The Swedish population will pass 10 million later today.
In 1969, 8 million people lived in Sweden. It took 35 years before the population passed 9 million in 2004. But only 13 years later, sometime in the first quarter of 2017, we will be more than 10 million inhabitants. Rapid growth will continue in the coming decades and we can be 12 million already by 2040.
The Swedish Central Bureau of Statistics has a population clock running on its website, and at 0700 on Friday 20th January 2017 reads:
It should reach 10 million by around noon.
UPDATE: 10am, 20th January 2017:
The population increase in the last 50 years has been quite “healthy” and robust in demographic terms.
In Europe, Sweden has perhaps the most robust development of demographics with respect to the ratio of non-working (under 19 and over 65) to working population (20 -65). And that has been thanks, in spite of falling fertility rates, mainly to immigration and the slightly higher fertility rate among newcomers (though that comes down quickly to the prevailing rate).

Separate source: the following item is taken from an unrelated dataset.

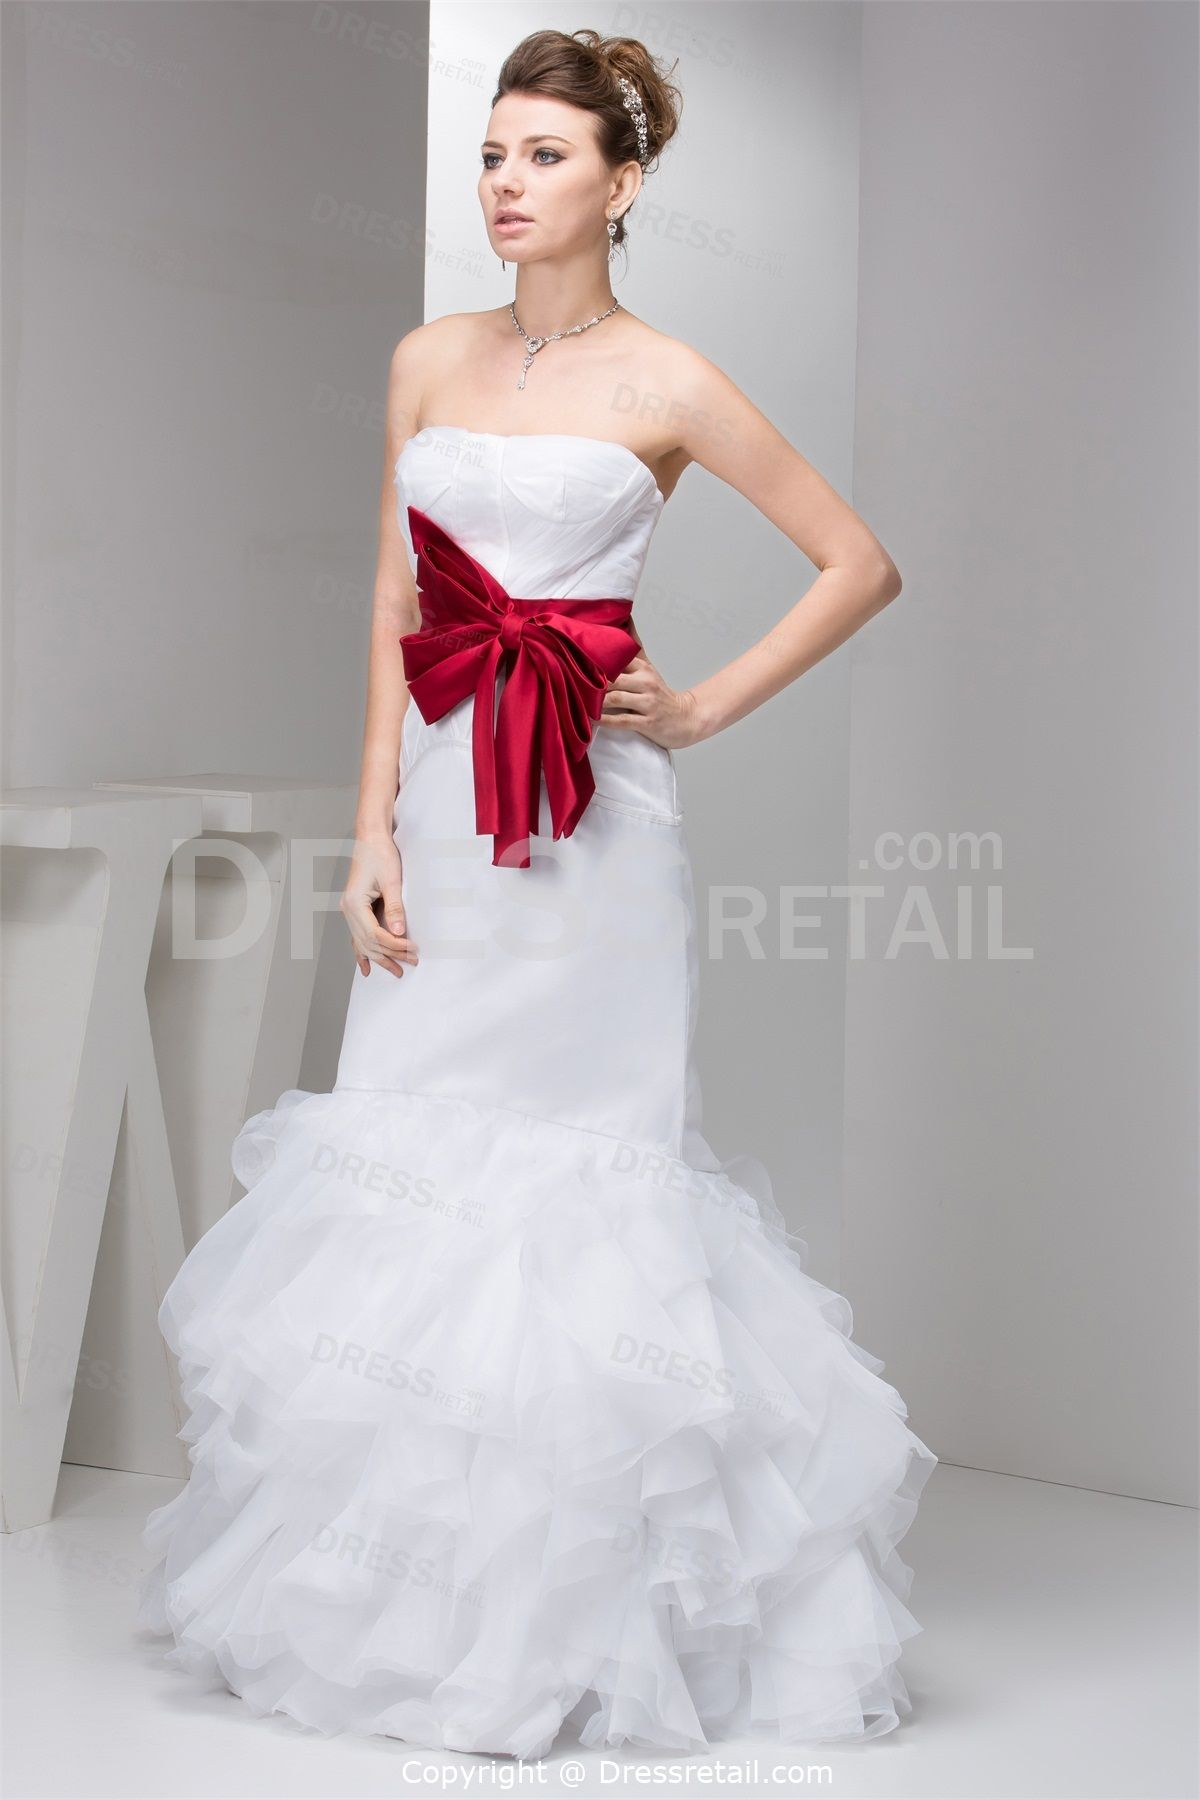 Wonderful White Red Mermaid Strapless Summer Wedding Dress

Currently around 17% of Sweden’s population was born outside Sweden. This will increase to be over 20% by 2040.
The Swedish pensions system is less under pressure than in Southern and Eastern Europe. Even Germany and France and the UK have a somewhat lower pensions risk because of net immigration. However in all these countries an increase of the regular pension age from 65 to 70 can be expected before 2040.